• **DATASET EXTRACT**

══════════════════════════════

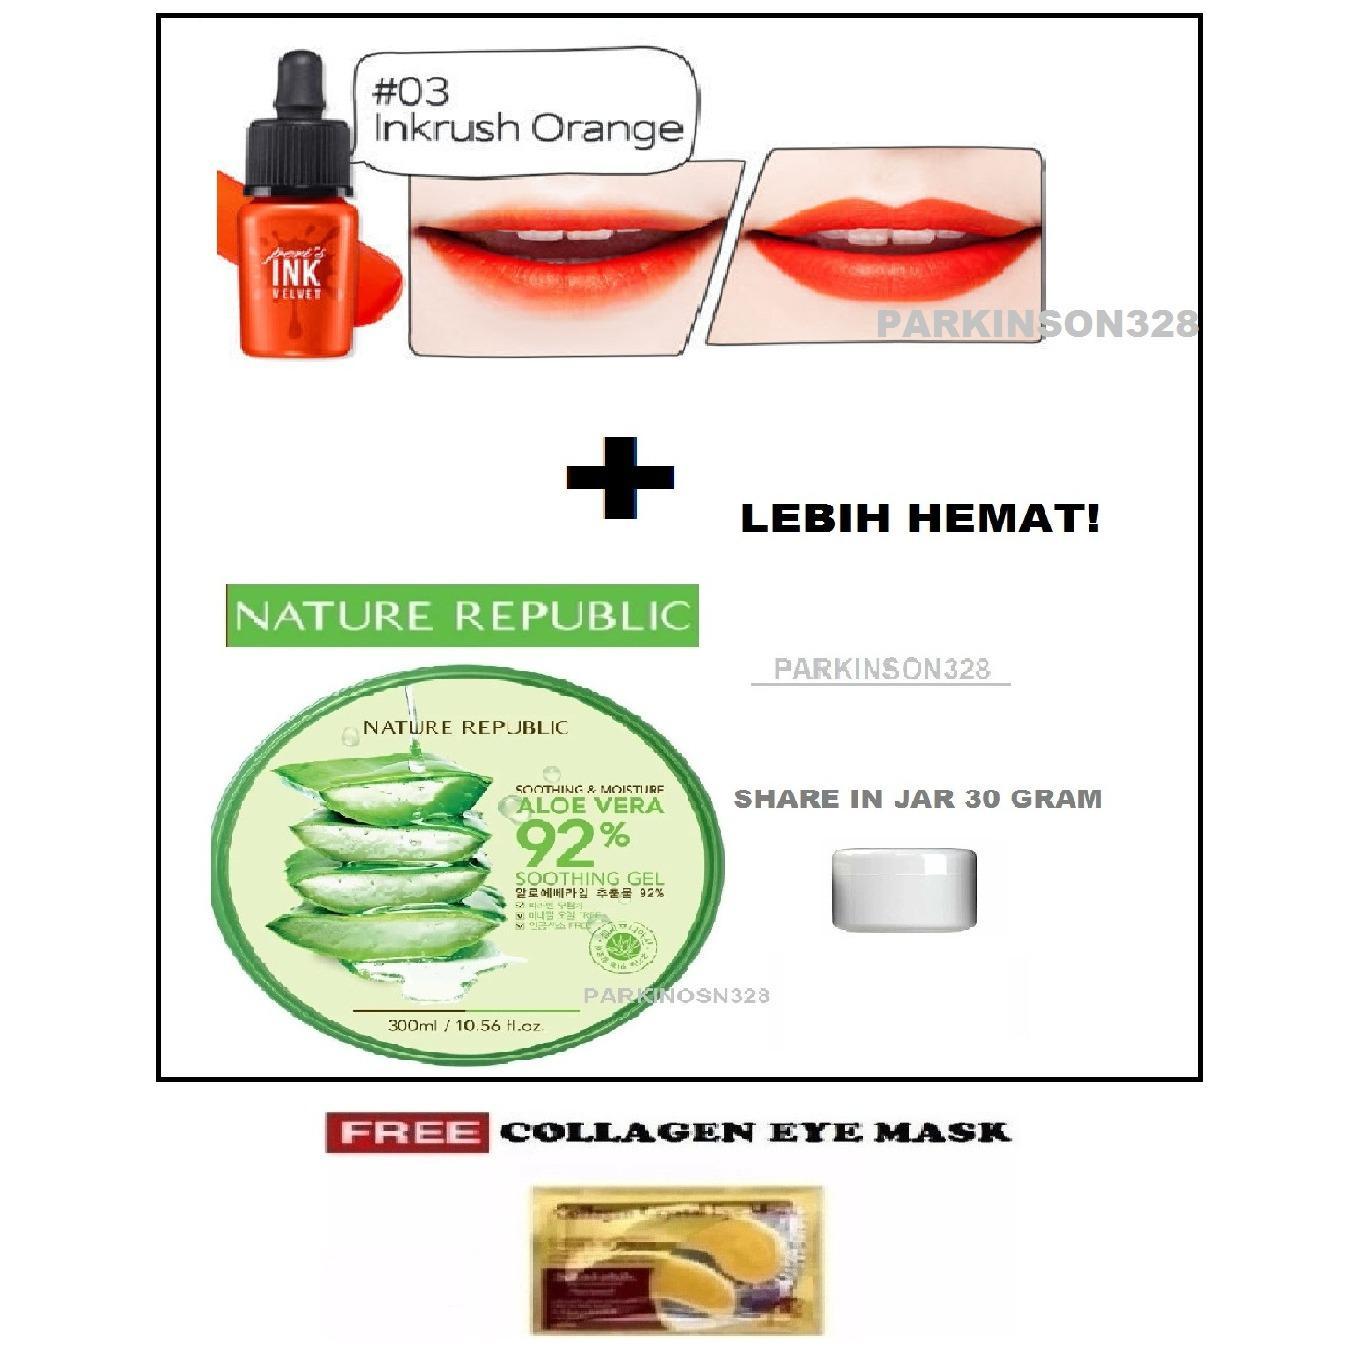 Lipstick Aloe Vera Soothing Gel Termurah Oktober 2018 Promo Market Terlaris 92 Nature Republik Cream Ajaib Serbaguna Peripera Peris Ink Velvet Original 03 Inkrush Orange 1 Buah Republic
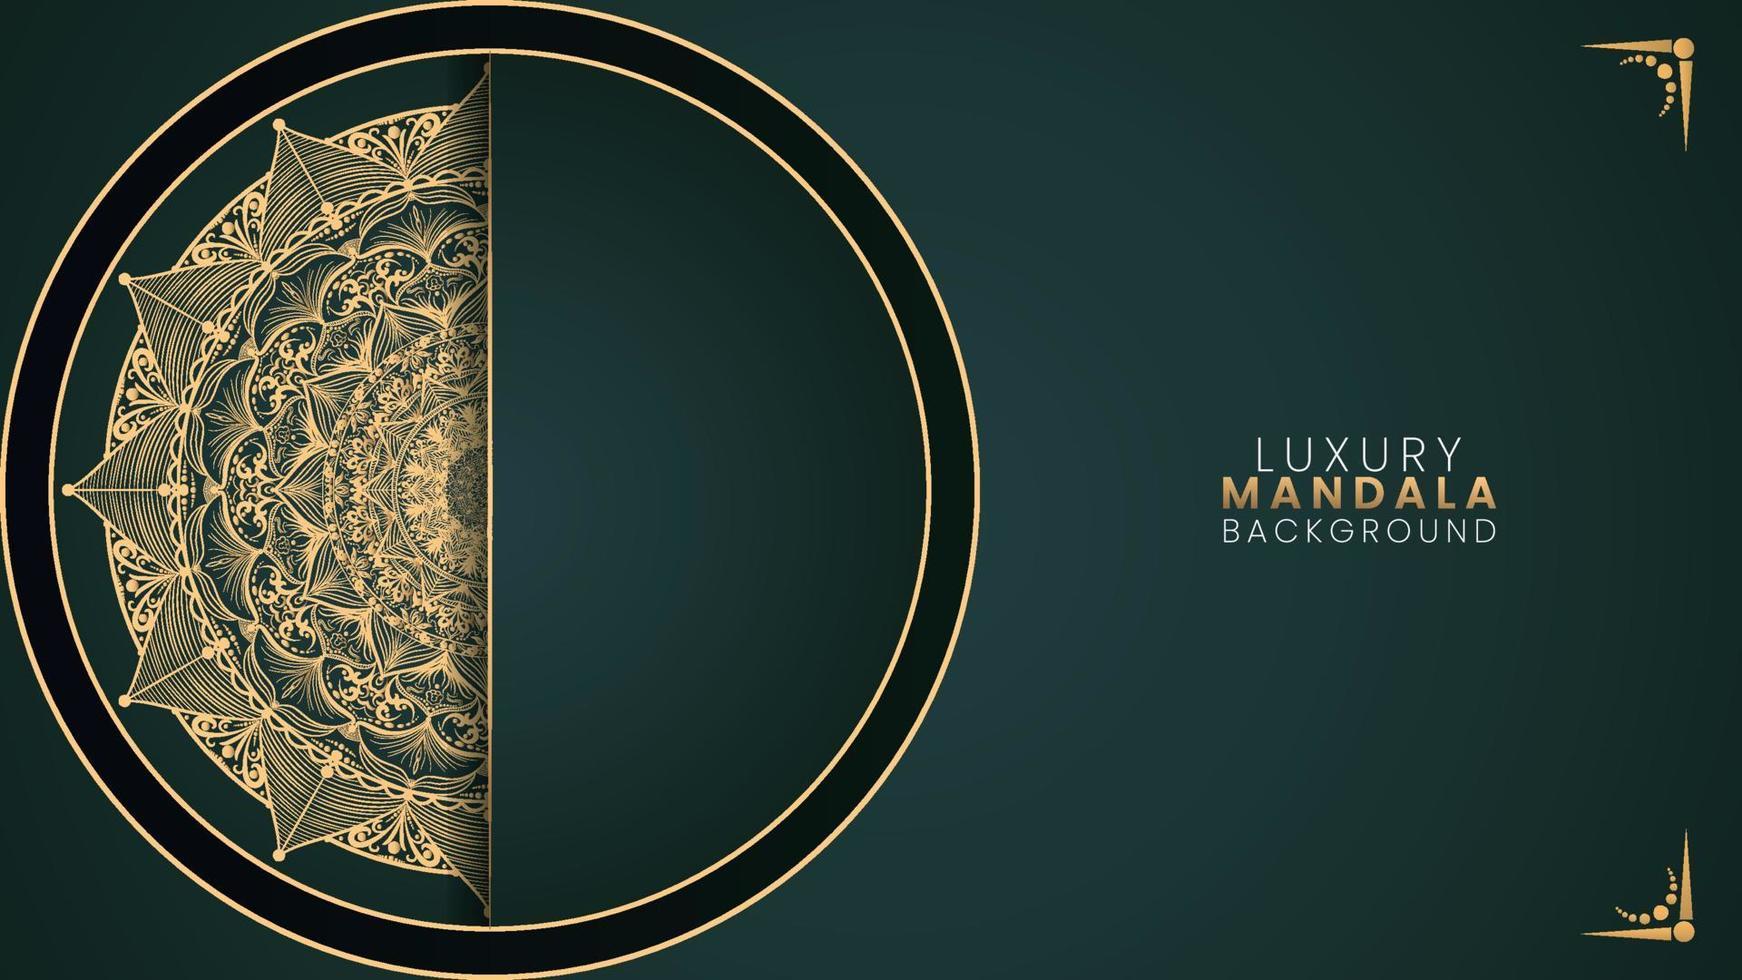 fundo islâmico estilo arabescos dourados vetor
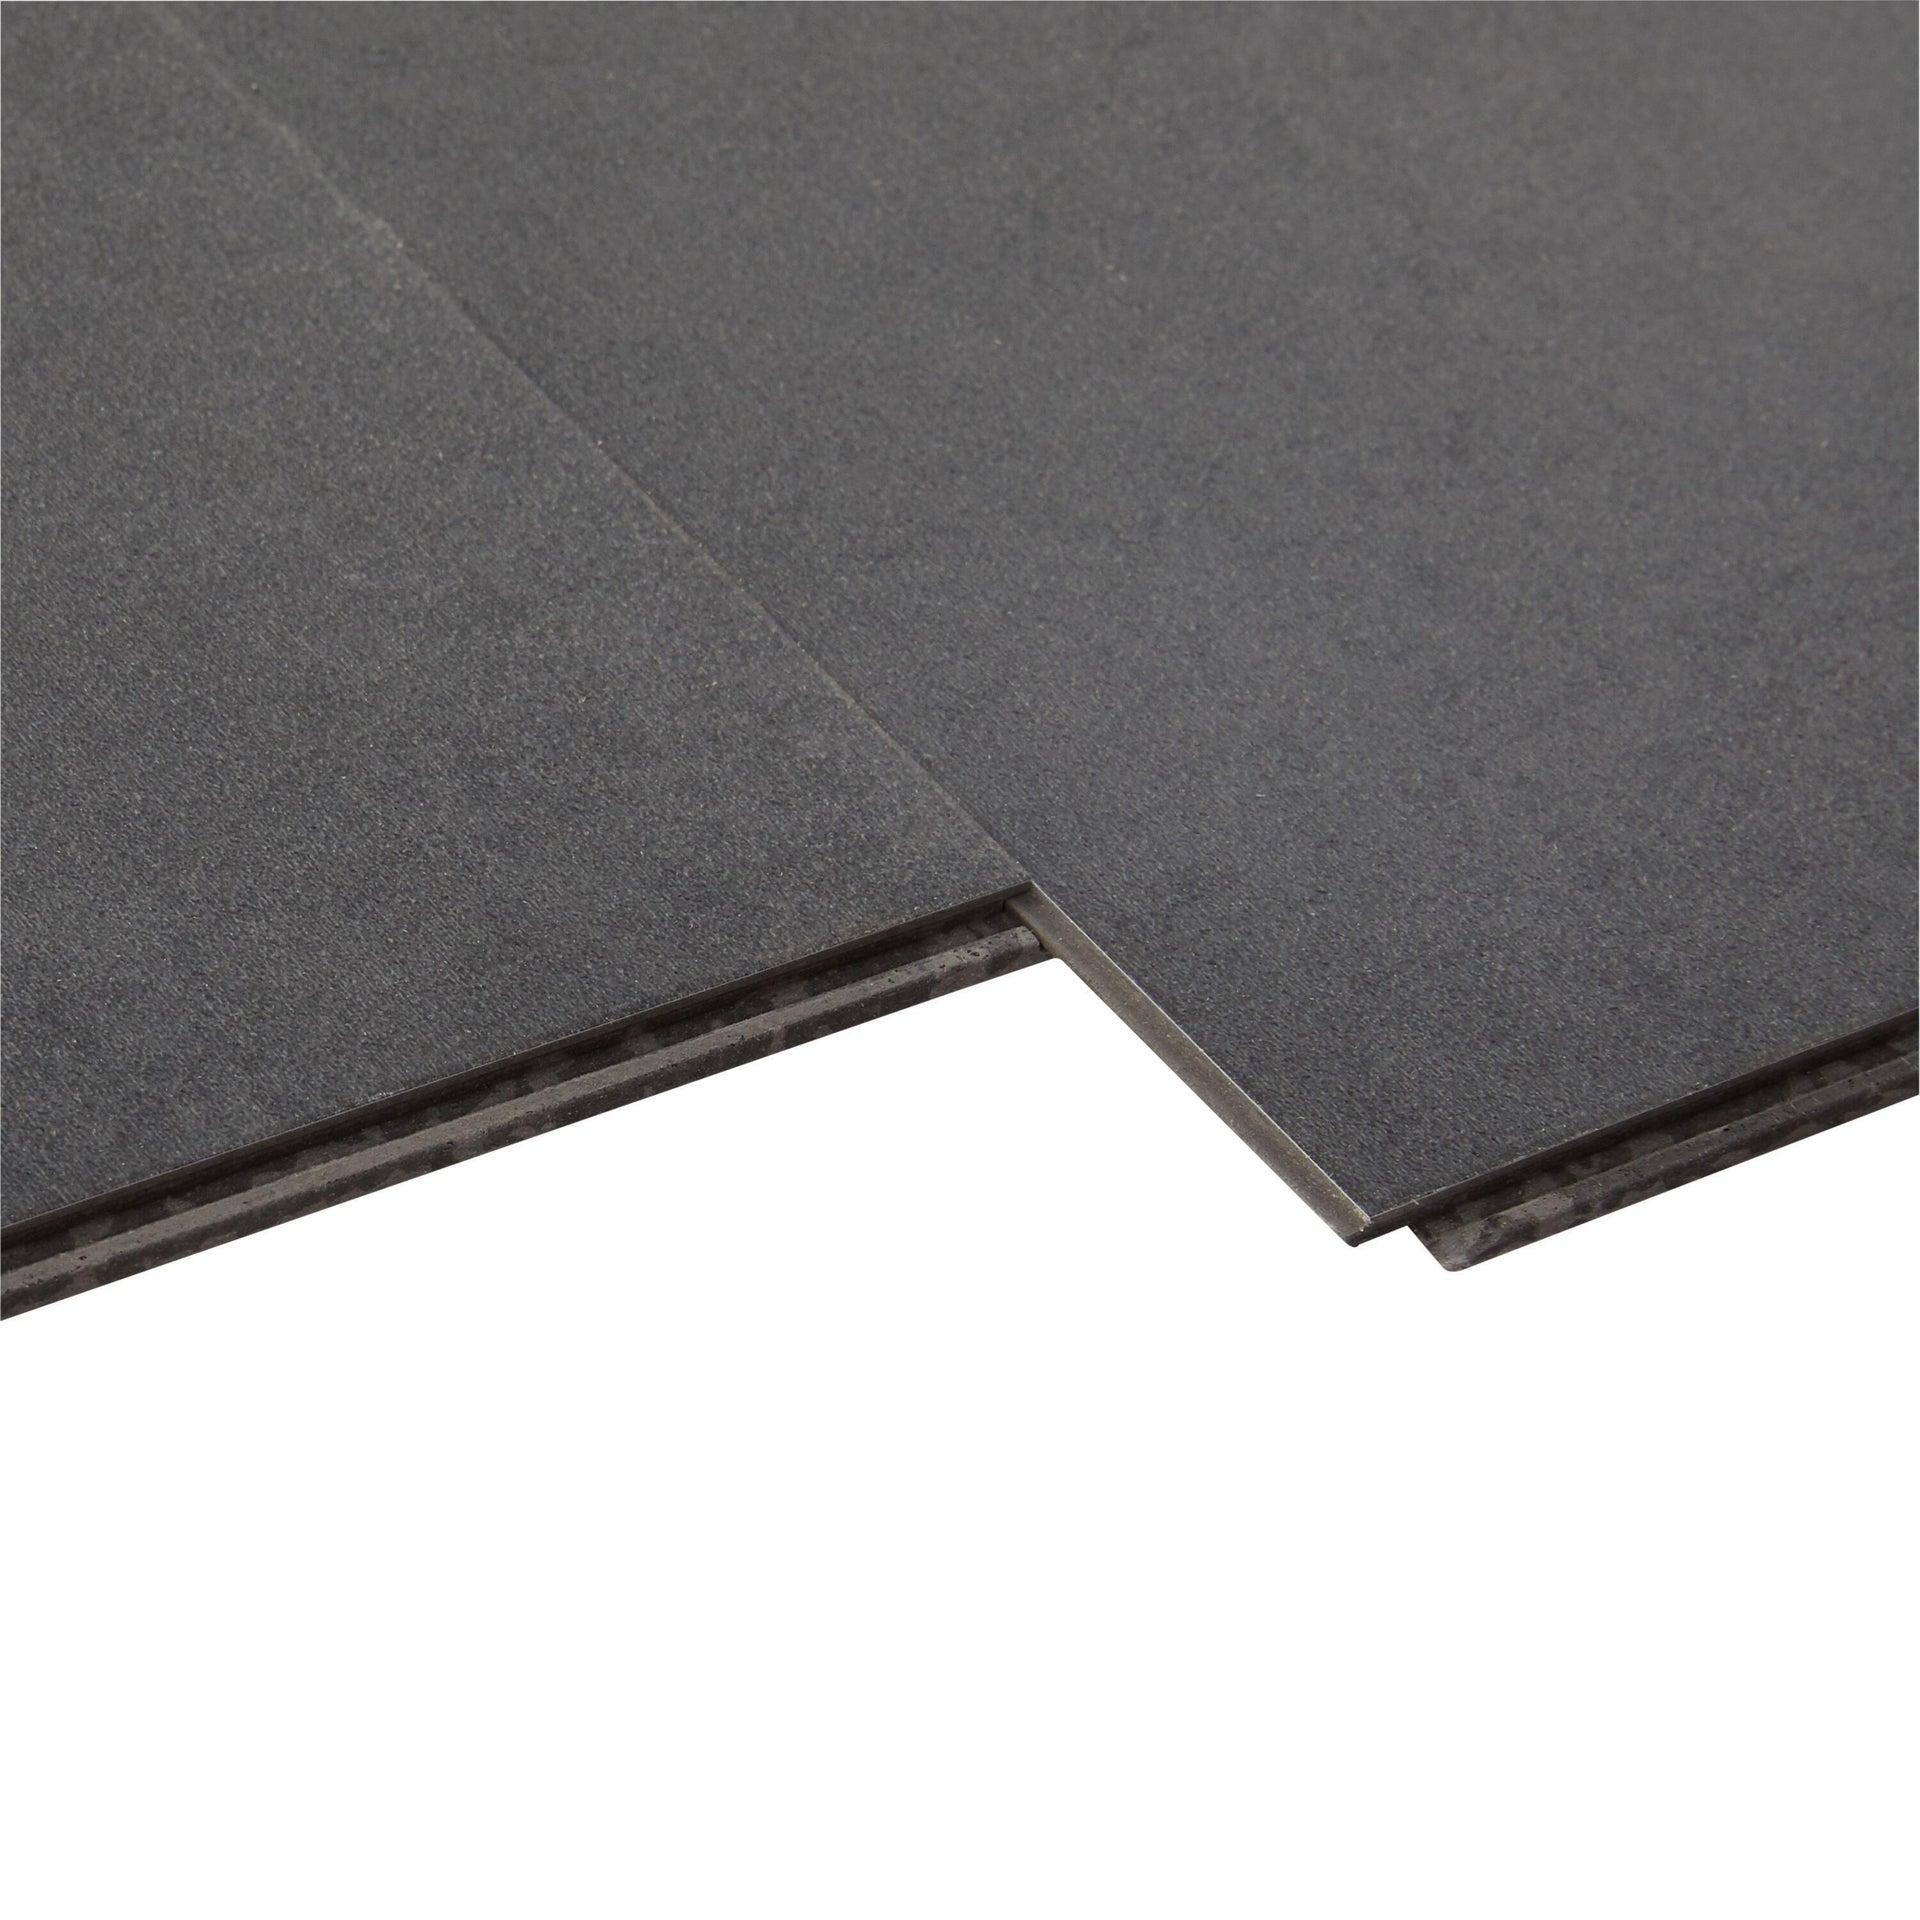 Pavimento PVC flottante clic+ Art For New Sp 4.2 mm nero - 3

══════════════════════════════

• **INSTRUCTIONS TO FOLLOW**
Write out all the material verbatim, images excluded.

• **TASK ANSWER**
 Lipstick Aloe Vera Soothing Gel Termurah Oktober 2018 Promo Market Terlaris 92 Nature Republik Cream Ajaib Serbaguna Peripera Peris Ink Velvet Original 03 Inkrush Orange 1 Buah Republic
 fundo islâmico estilo arabescos dourados vetor
 Pavimento PVC flottante clic+ Art For New Sp 4.2 mm nero - 3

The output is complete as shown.